* Instructions for the task: All of the data, word for word and free of pictures, is the expected result.

* Data provided:
*** Begin section ***

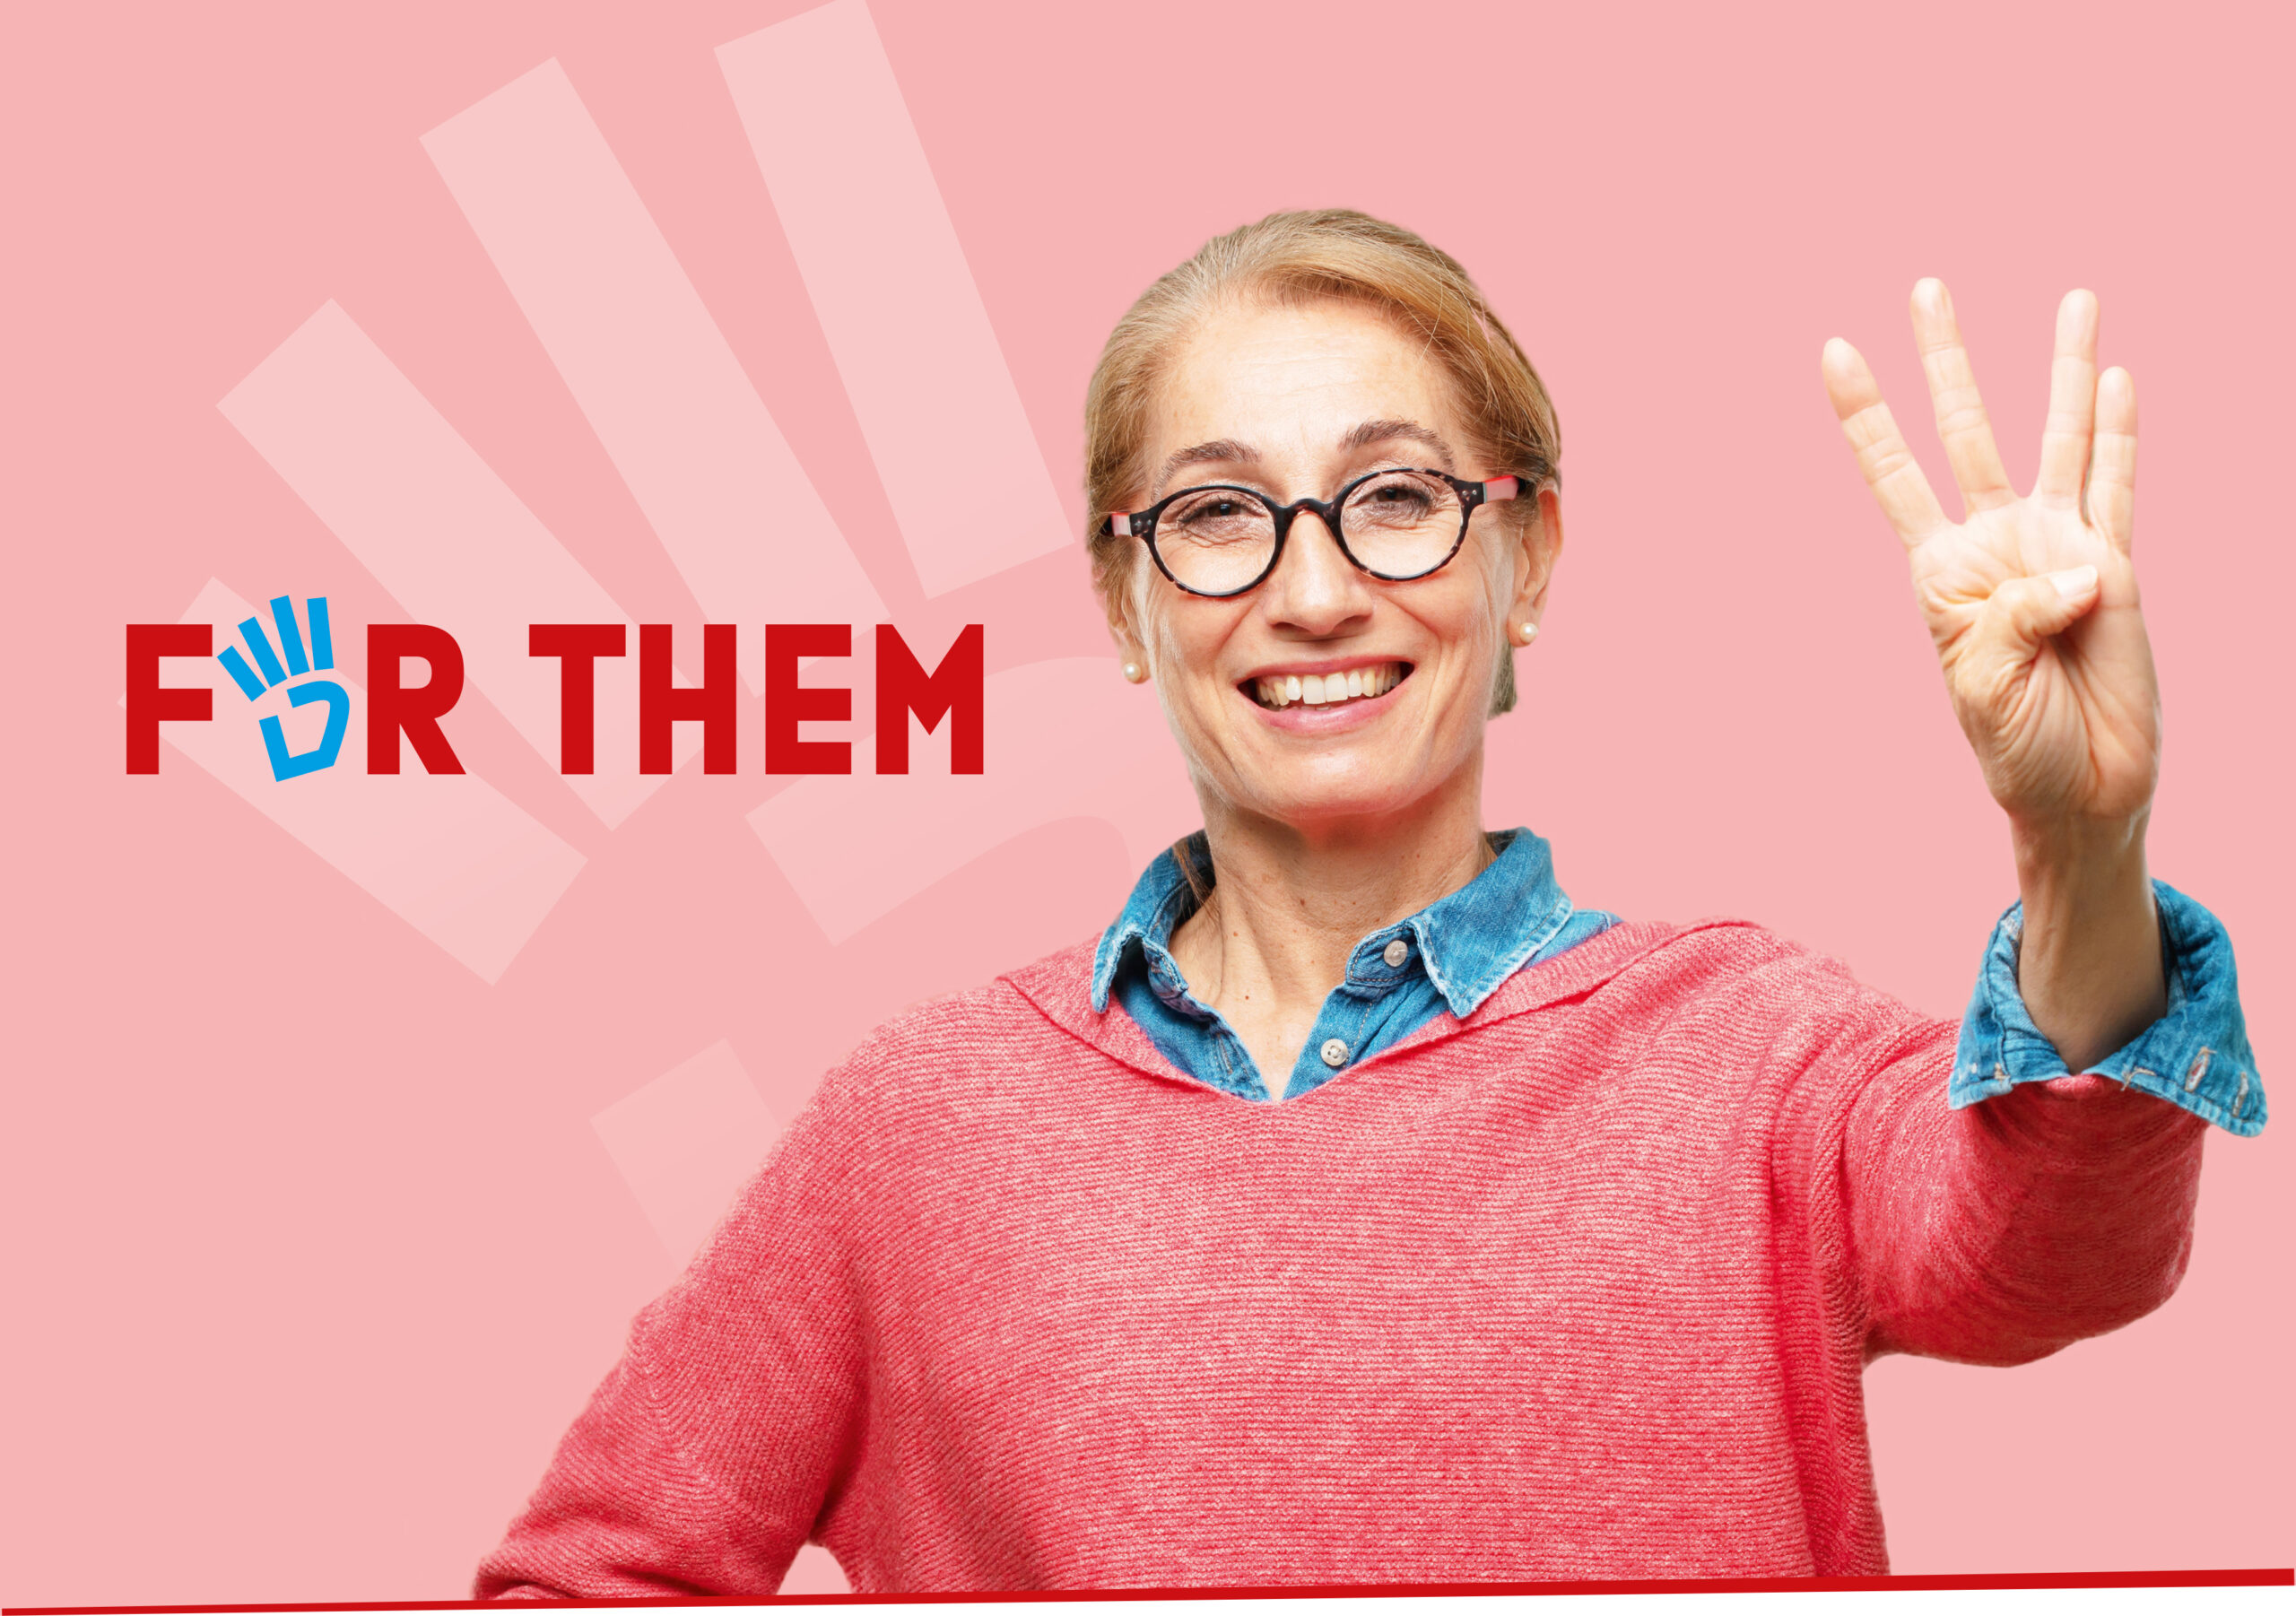 4Them - Frau hält 4 Finger hoch - das Zeichen der Kampagne Women4Youth
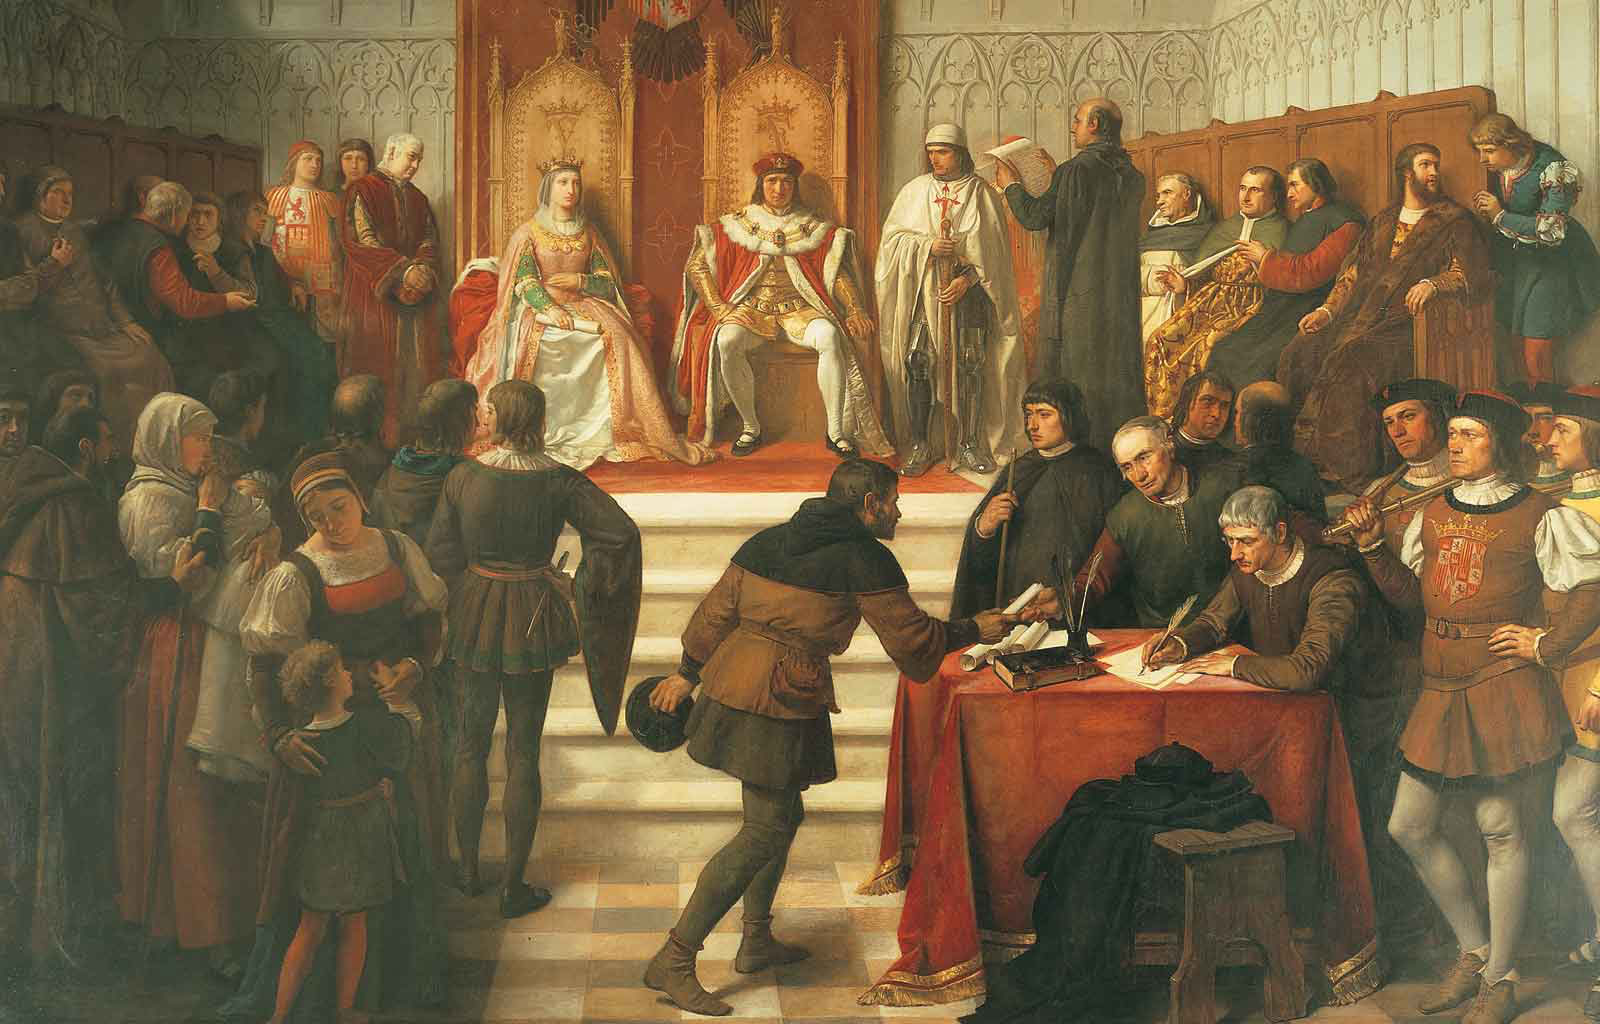 Los Reyes Católicos en el acto de administrar justicia, Víctor Manzano y Mejorada. entre 1831 y 1865.
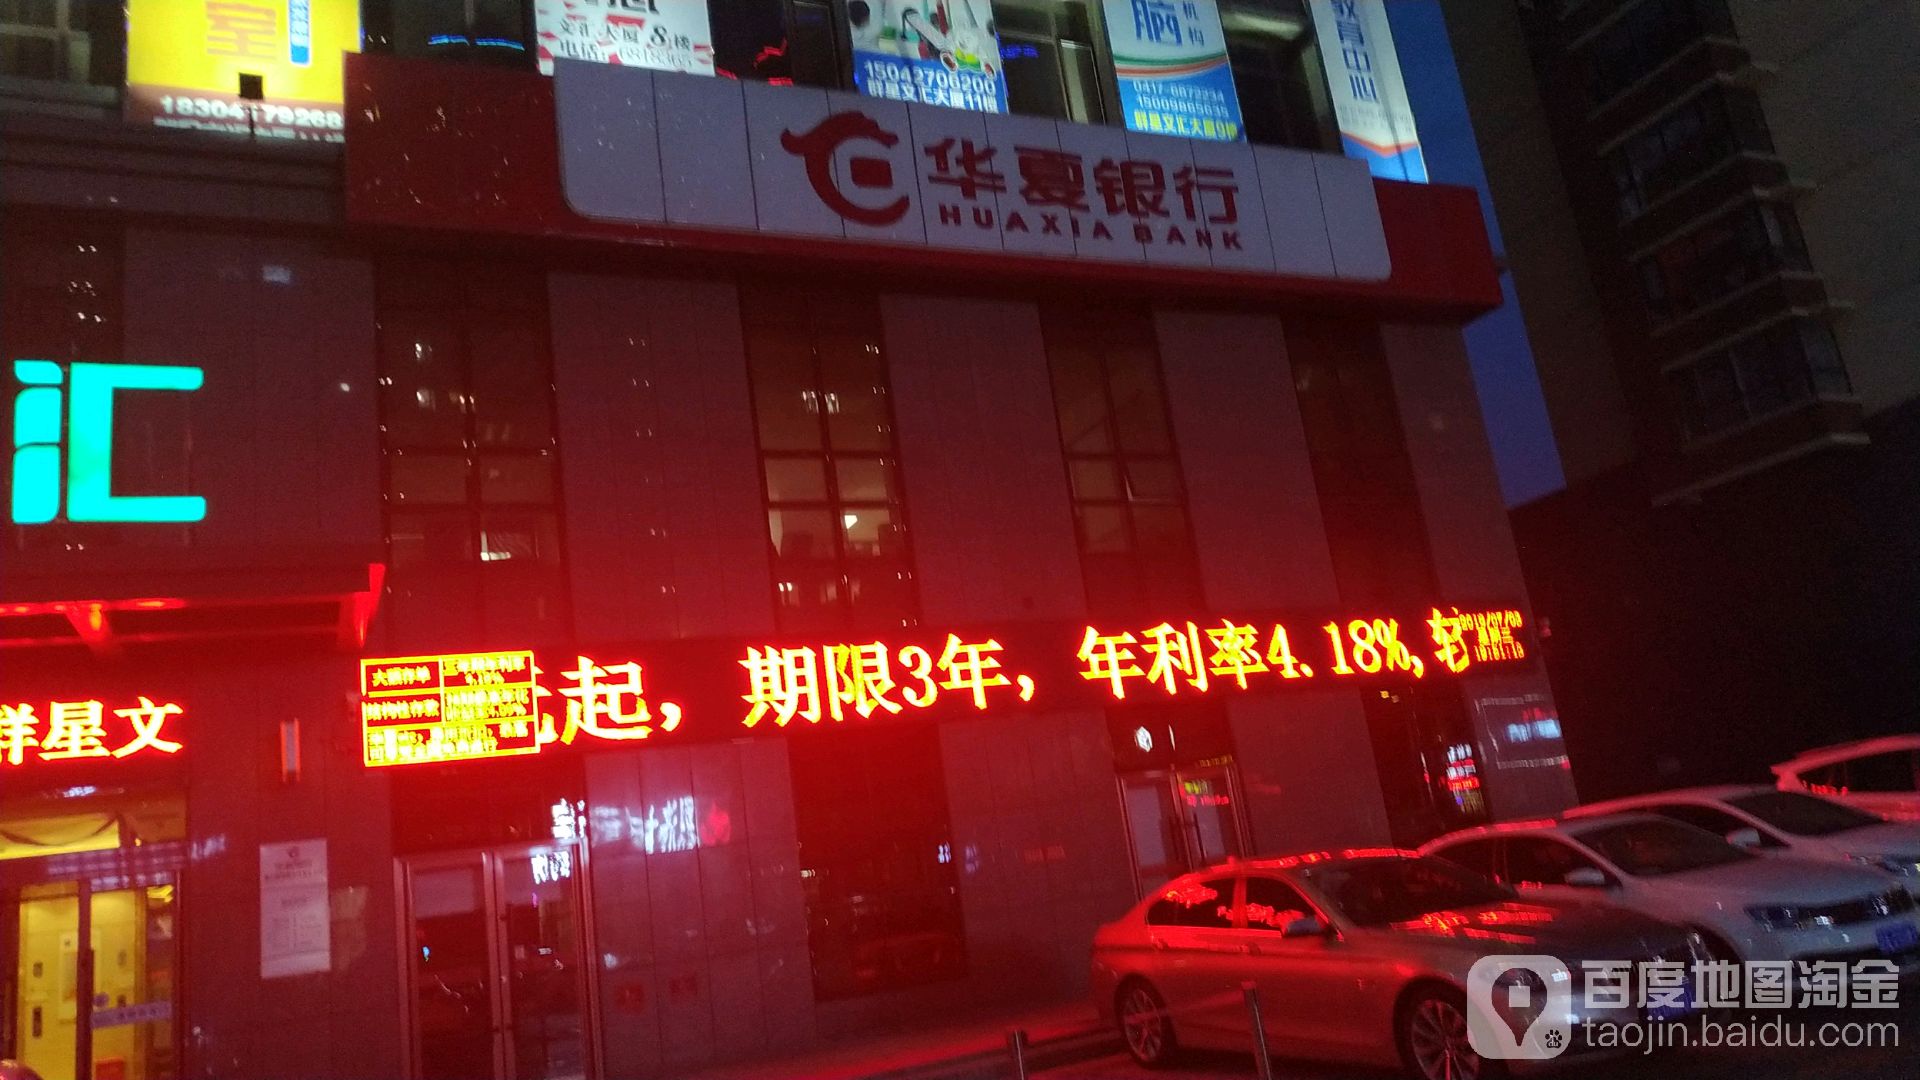 華夏銀行24小時自助銀行(營口開發區支行)

*** End section ***

* Output:
 4Them - Frau hält 4 Finger hoch - das Zeichen der Kampagne Women4Youth
 Los Reyes Católicos en el acto de administrar justicia, Víctor Manzano y Mejorada. entre 1831 y 1865.
 華夏銀行24小時自助銀行(營口開發區支行)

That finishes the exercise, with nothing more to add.